### TASK OBJECTIVE
Retype the data exactly, skipping any picture in it.

### GIVEN INFORMATION

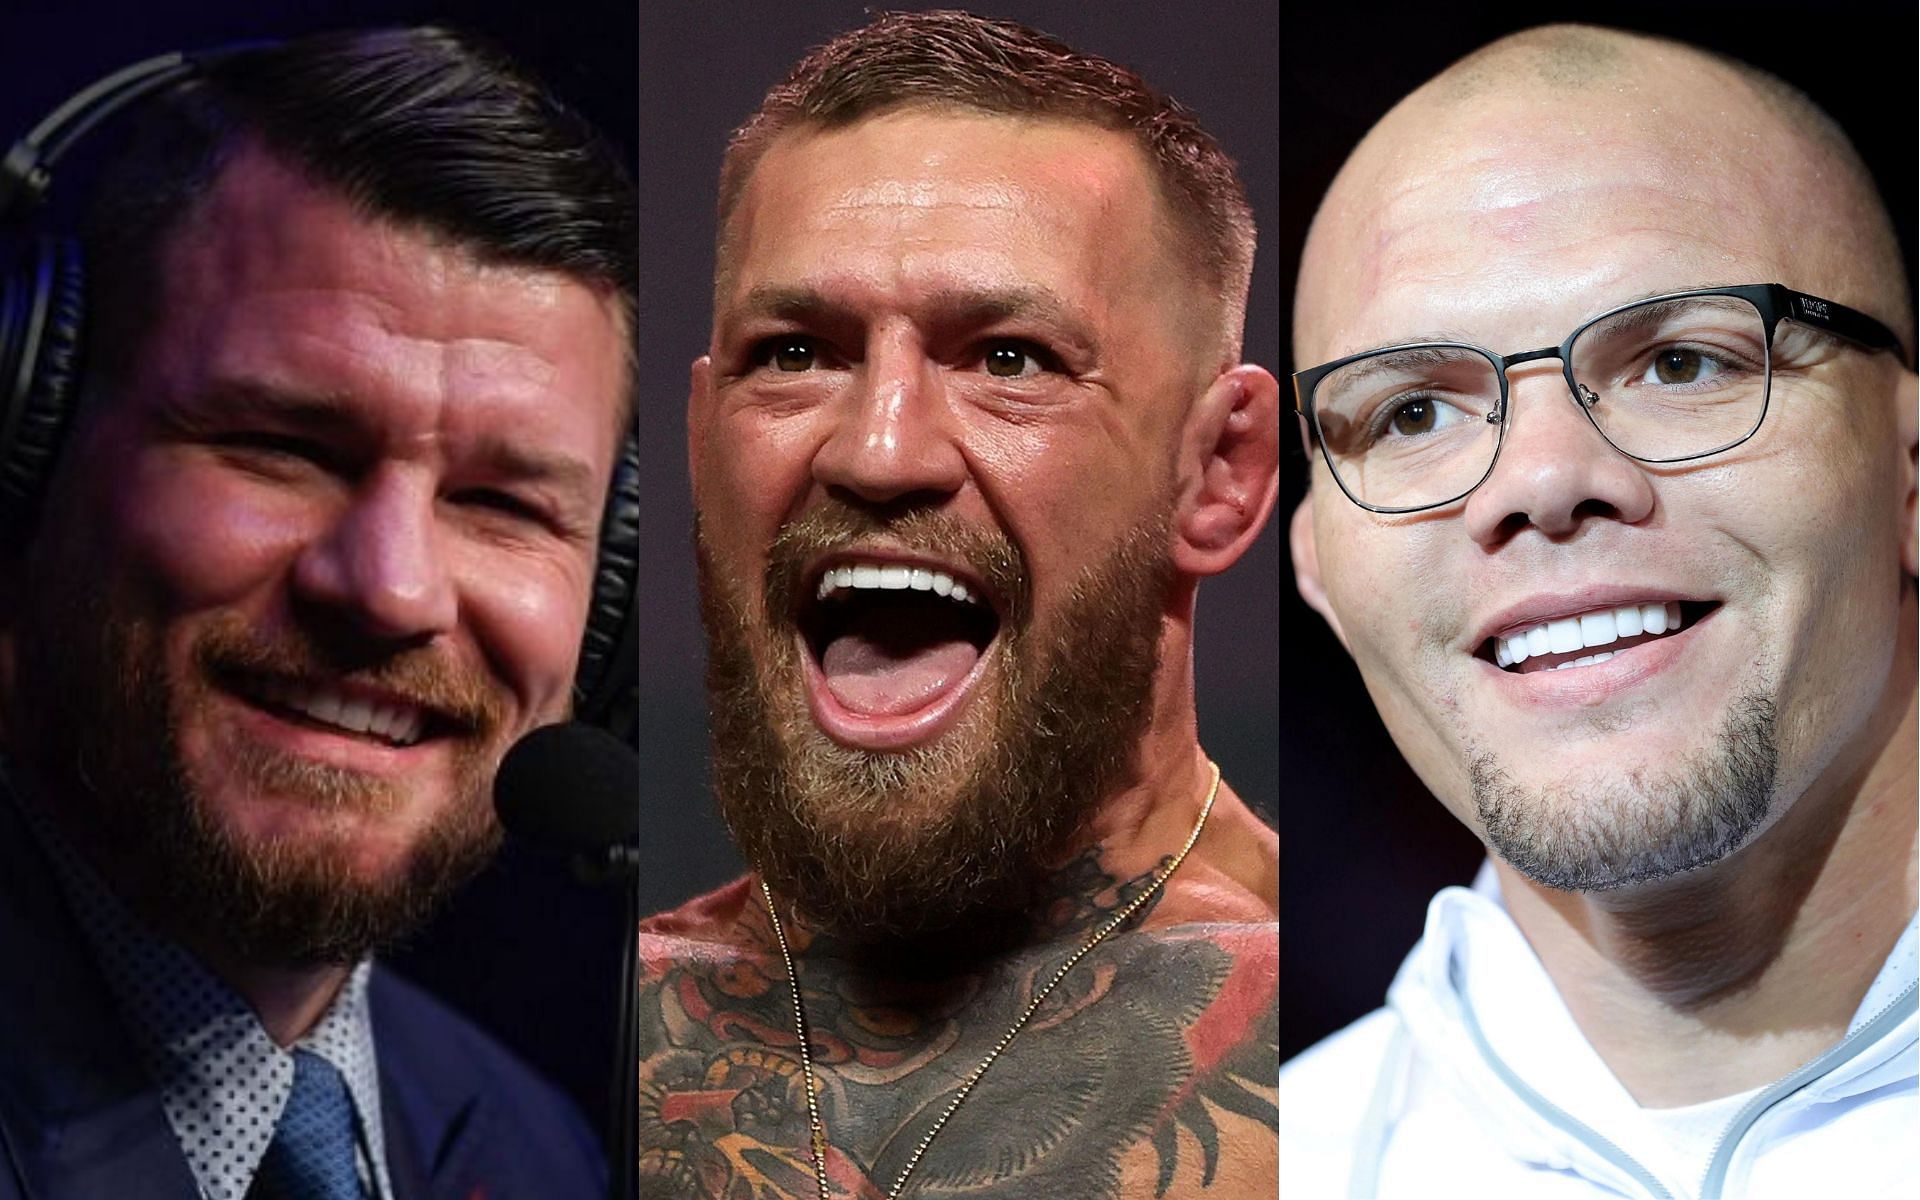 Michael Bisping (left), Conor McGregor (center), &amp; Anthony Smith (right)
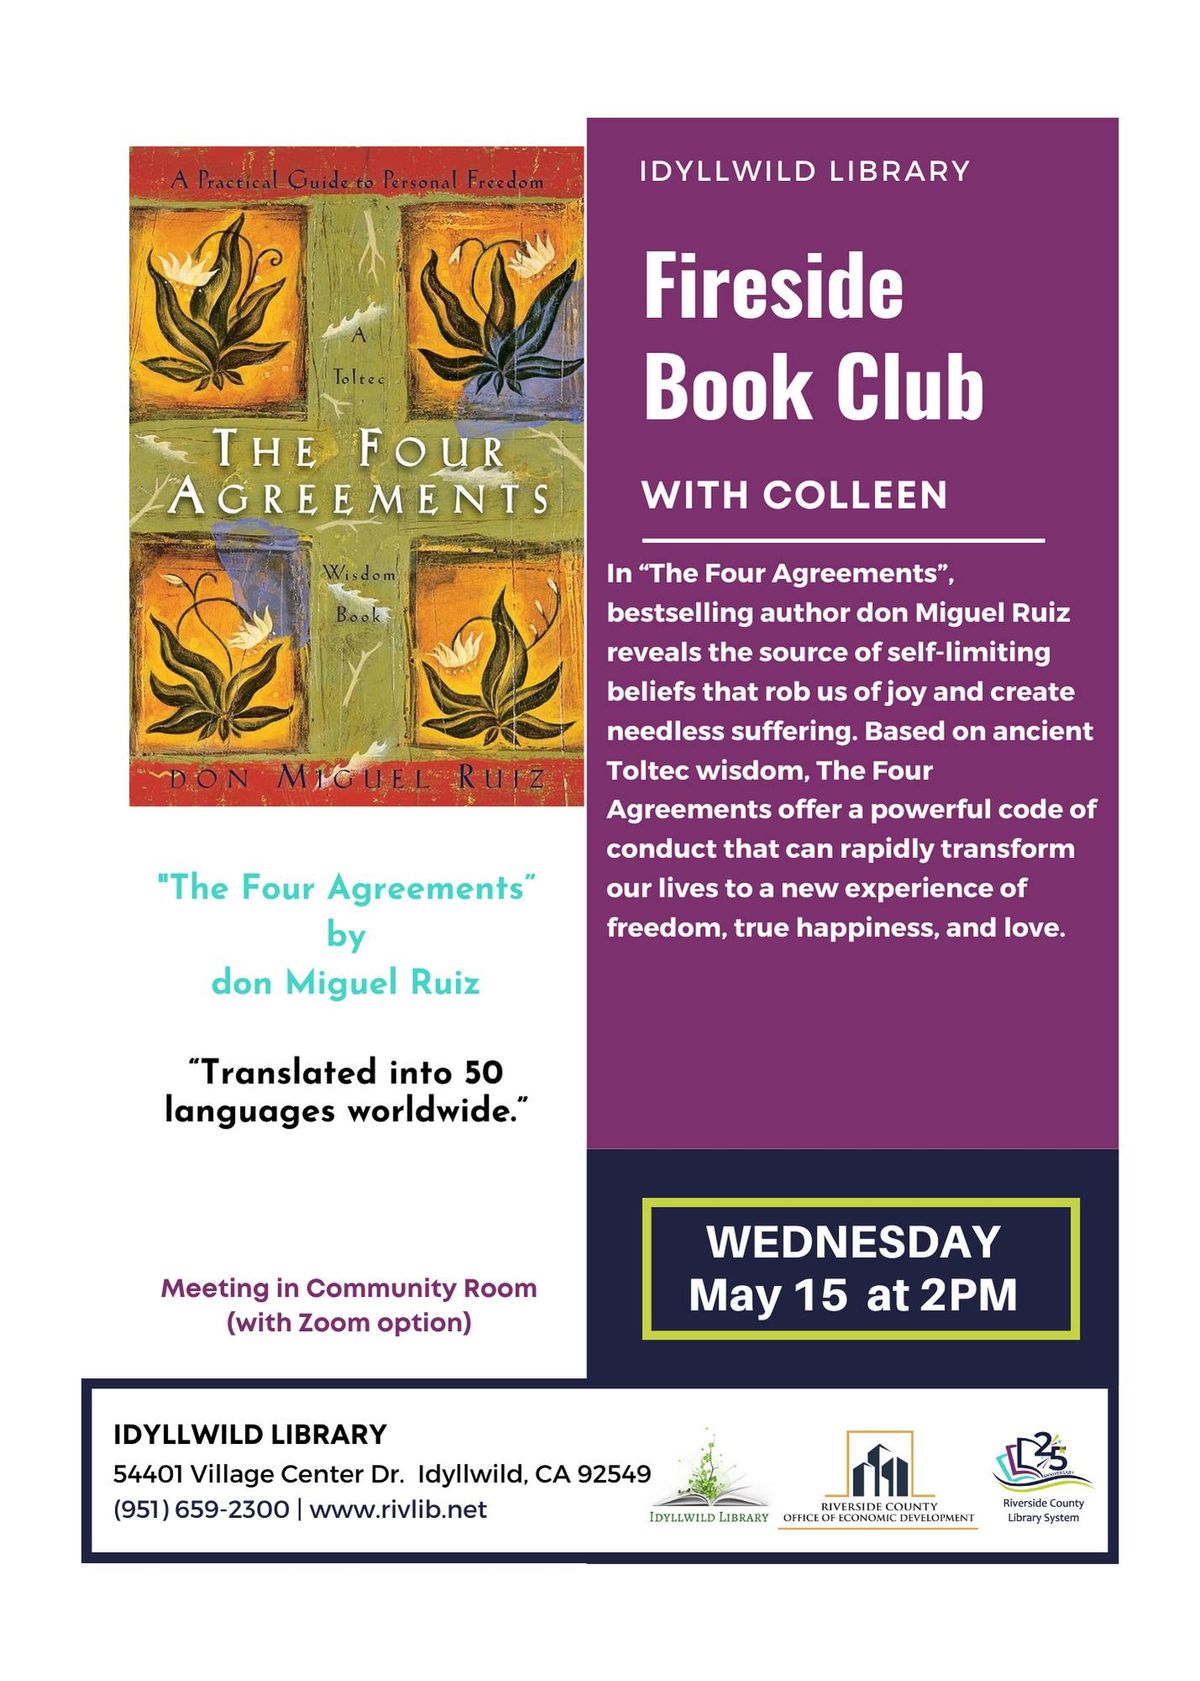 Fireside Book Group:  "The Four Agreements" by don Miguel Ruiz
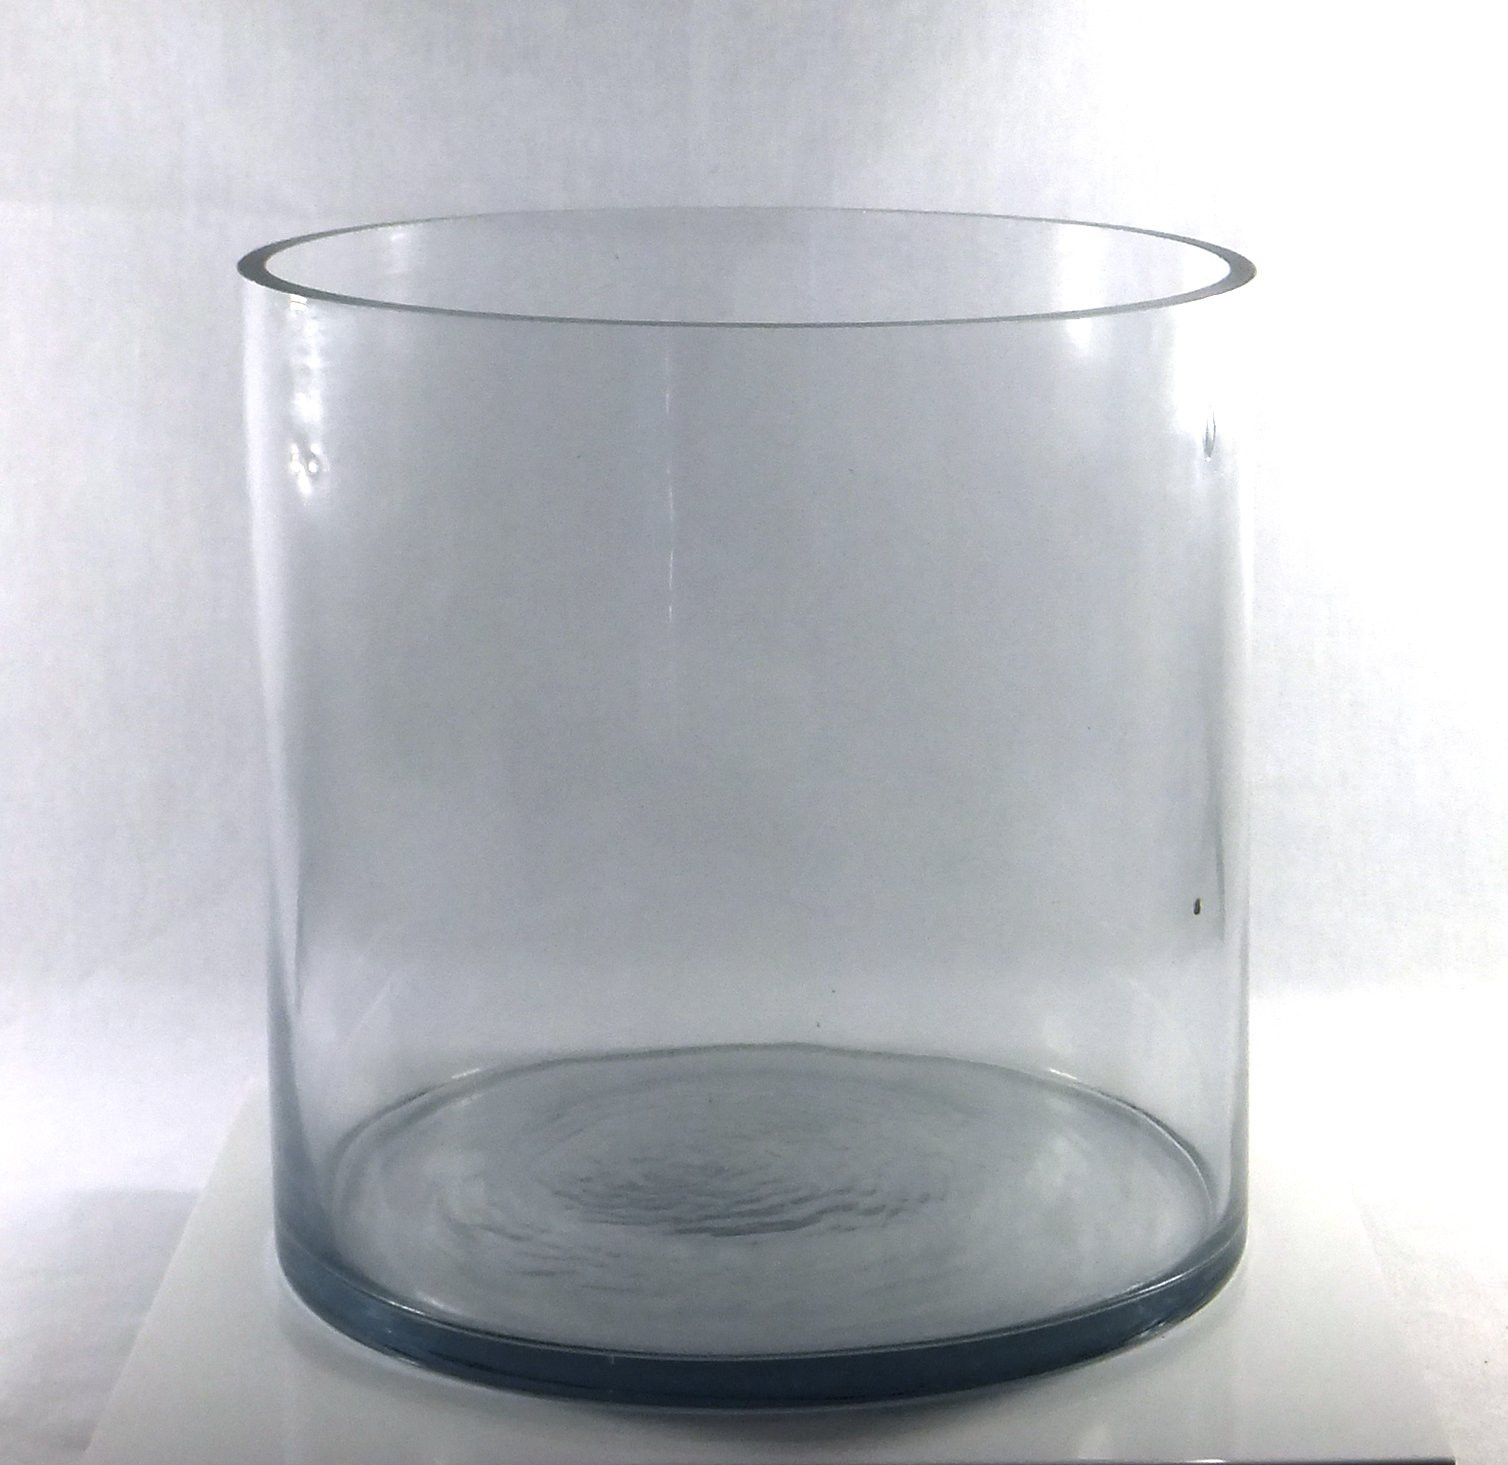 28 Fashionable Clear Glass Cylinder Vase Candle Holder 2024 free download clear glass cylinder vase candle holder of buy 8 inch round large glass vase 8 clear cylinder oversize in 8 inch round large glass vase 8 clear cylinder oversize centerpiece 8x8
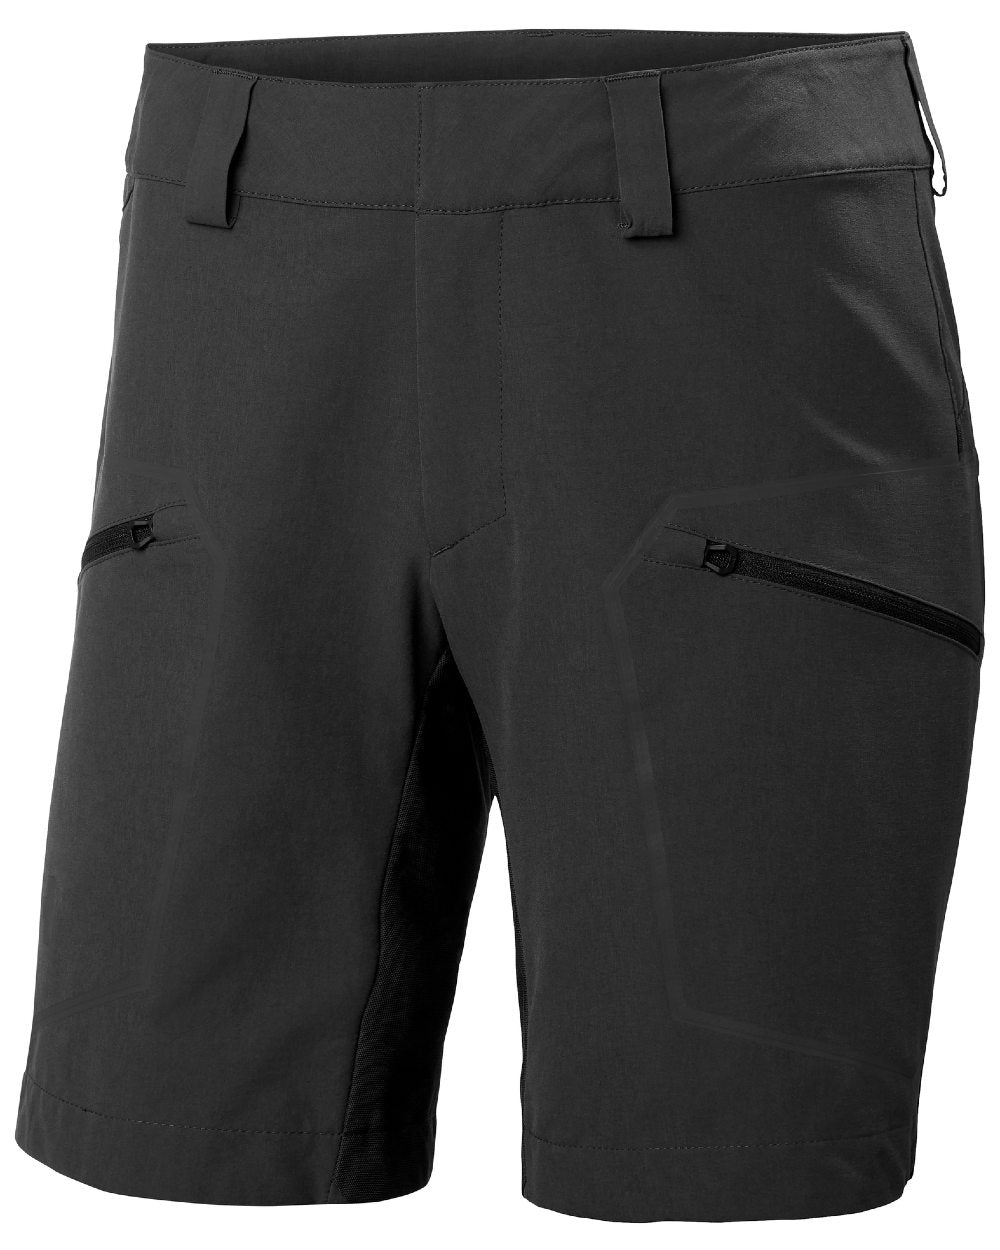 Ebony coloured Helly Hansen Womens HP Racing Deck Shorts on white background

### WORKED SOLUTION
 Michael Bisping (left), Conor McGregor (center), &amp; Anthony Smith (right)
 Fireside Book Group:  "The Four Agreements" by don Miguel Ruiz
 28 Fashionable Clear Glass Cylinder Vase Candle Holder 2024 free download clear glass cylinder vase candle holder of buy 8 inch round large glass vase 8 clear cylinder oversize in 8 inch round large glass vase 8 clear cylinder oversize centerpiece 8x8
 Ebony coloured Helly Hansen Womens HP Racing Deck Shorts on white background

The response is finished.